3.2. Contextual MDPs for Multi-Robot Systems

The use of context in the multi-agent setting remains relatively unexplored when compared to the bandit literature and single agent RL. The majority of work in this direction is investigating the theoretical aspects of including side information in the learning process, e.g., as contextual games [25,26]. Another strain of research tackles the more general problem of context-aware multi-agent systems (CA-MASs) [27]. Some experiments and analyses have also been performed over the application of context-aware methodologies to multi-agent RL scenarios such as trajectory generation in diverse multiple human–robot interaction scenarios [28] and the intelligent control of traffic lights [29].

To the best of the authors’ knowledge, there exist no prior works that directly apply the formalism of CMDPs or contextual games to the problem of teaming in heterogeneous multi-agent systems.

4. Proposed Framework

The main objective of this work is to optimize planetary exploration missions by enhancing multi-robot teaming through an adaptive decision-making approach. The proposed framework addresses this challenge by applying contextual learning to the multi-agent scenario. Heterogeneity in physical capabilities enables robots to specialize in different types of tasks. In the best case scenario, a good mission planning algorithm will produce optimum results with little error. However, in the real-world case, uncertainties such as terrain variability, environmental changes, and hardware limitations can significantly impact performance. These challenges necessitate the incorporation of factors such as physical state, power consumption, status of sensors and communication, etc., into the decision-making framework. In essence, our method aims to accomplish the following goals:

Implement a decentralized task negotiation for a heterogeneous multi-robot team;
Incorporate real-time monitoring of hardware states (sensor noise, mechanical wear) into the task negotiation framework as a CMDP;
Improve robot and team adaptability;
Foster mutual support within robotic teams;
Optimize mission performance and team efficiency.

During autonomous missions, robotic systems operate independently, with minimal or no human intervention, either due to impracticality or by design. It is therefore important to monitor the hardware of the systems so that they are able to autonomously decide what to do in the event of a failure or other influences that endanger the systems. In the event of mechanical failures, e.g., wheels, cameras can check for visible damage. Appropriate sensors can provide on-board diagnostics for individual components installed inside the robot. This includes monitoring battery capacity, sensor obstructions, communication loss, and malfunctions due to external influences like temperature and radiation.

4.1. Context-Aware Decision-Making Framework for Heterogeneous Multi-Robot Exploration

The proposed framework (Figure 3) enables an HMRS to collaboratively execute tasks in a dynamic extraterrestrial environment. Of the various hardware influences mentioned above, we consider input from the following four sources:

Robot State: Robot operational status, pose and velocity, task status, and history.
Hardware (H/W) Parameters: Sensor state, physical capabilities (affecting team composition, on-board diagnostics).
Environmental Dynamics: Real-time factors like terrain type, Simultaneous Localization and Mapping (SLAM), weather conditions.
Communication State: Status of connectivity between team members.
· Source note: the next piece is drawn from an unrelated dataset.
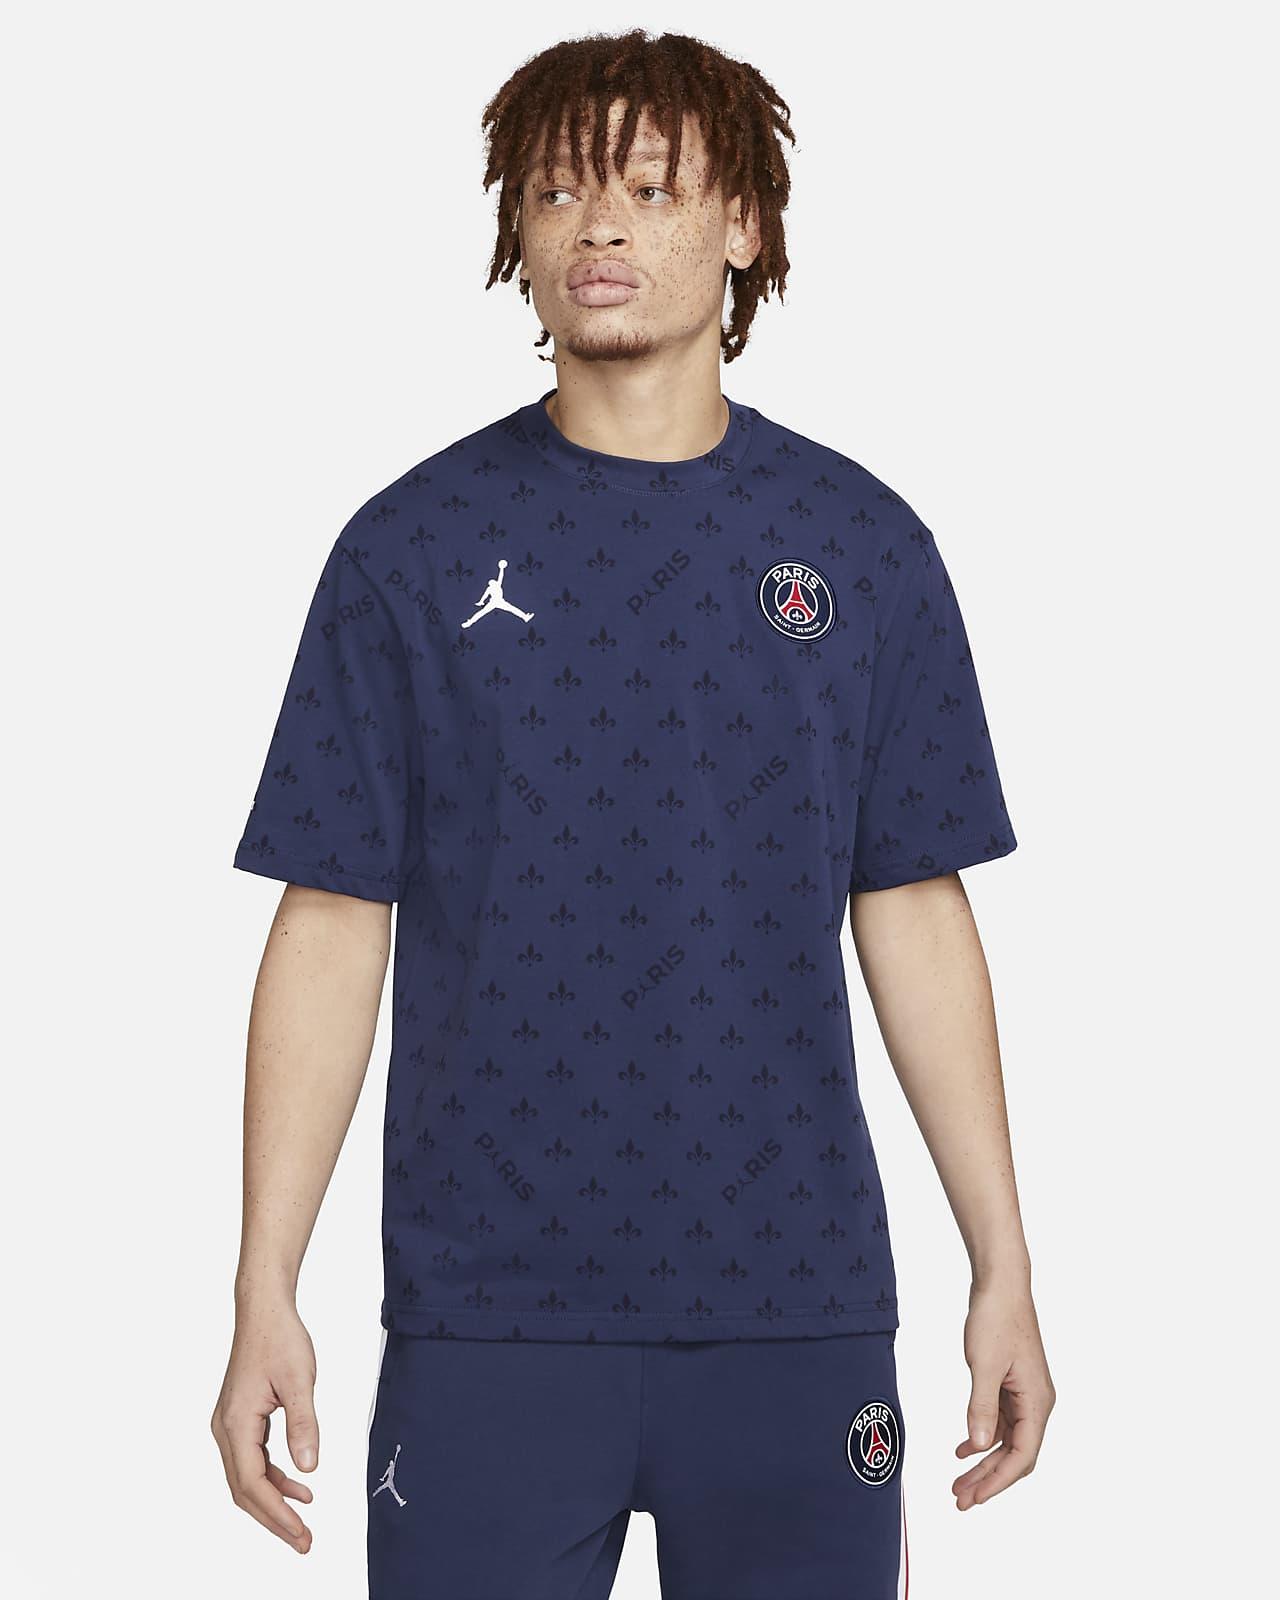 Paris Saint-Germain Men's Statement T-Shirt

Based on these inputs, the context of the team and the states of an individual robot i at time t are determined. This state acts as the foundation for further decisions made by the robot within the given context and is dynamically updated as and when there is a change in input states. Once the context and state are established, the auction-based task negotiation algorithm then decides the respective robot’s bid for the task(s) at hand. Therefore tasks are distributed among and executed by robots based on their contextual suitability.

4.2. Example Scenario

Consider a planetary exploration mission wherein a heterogeneous team of robots is deployed to explore a target area and transport payload modules between certain locations. The team consists of three robots, namely, SherpaTT, CoyoteIII, and Mantis [30]. CoyoteIII (Figure 2c—front) is a micro-rover which has advanced mobility capabilities in unstructured terrain. In this scenario, CoyoteIII acts as a scouting rover that maps large areas, creates terrain maps for safe navigation by other rovers, and identifies regions of interest for scientific investigation. SherpaTT (Figure 2b) is a walking–driving hybrid that can navigate in highly uneven terrain and transport payload modules from one place to another assisted by its 6-DOF arm. Mantis (Figure 2a) is a six-legged manipulation and locomotion system designed for a variety of complex tasks in difficult terrain. It can either function in locomotion mode, wherein it walks on all its six legs, or in manipulation mode by using one or both of its front legs as manipulators for handling modules or scientific samples.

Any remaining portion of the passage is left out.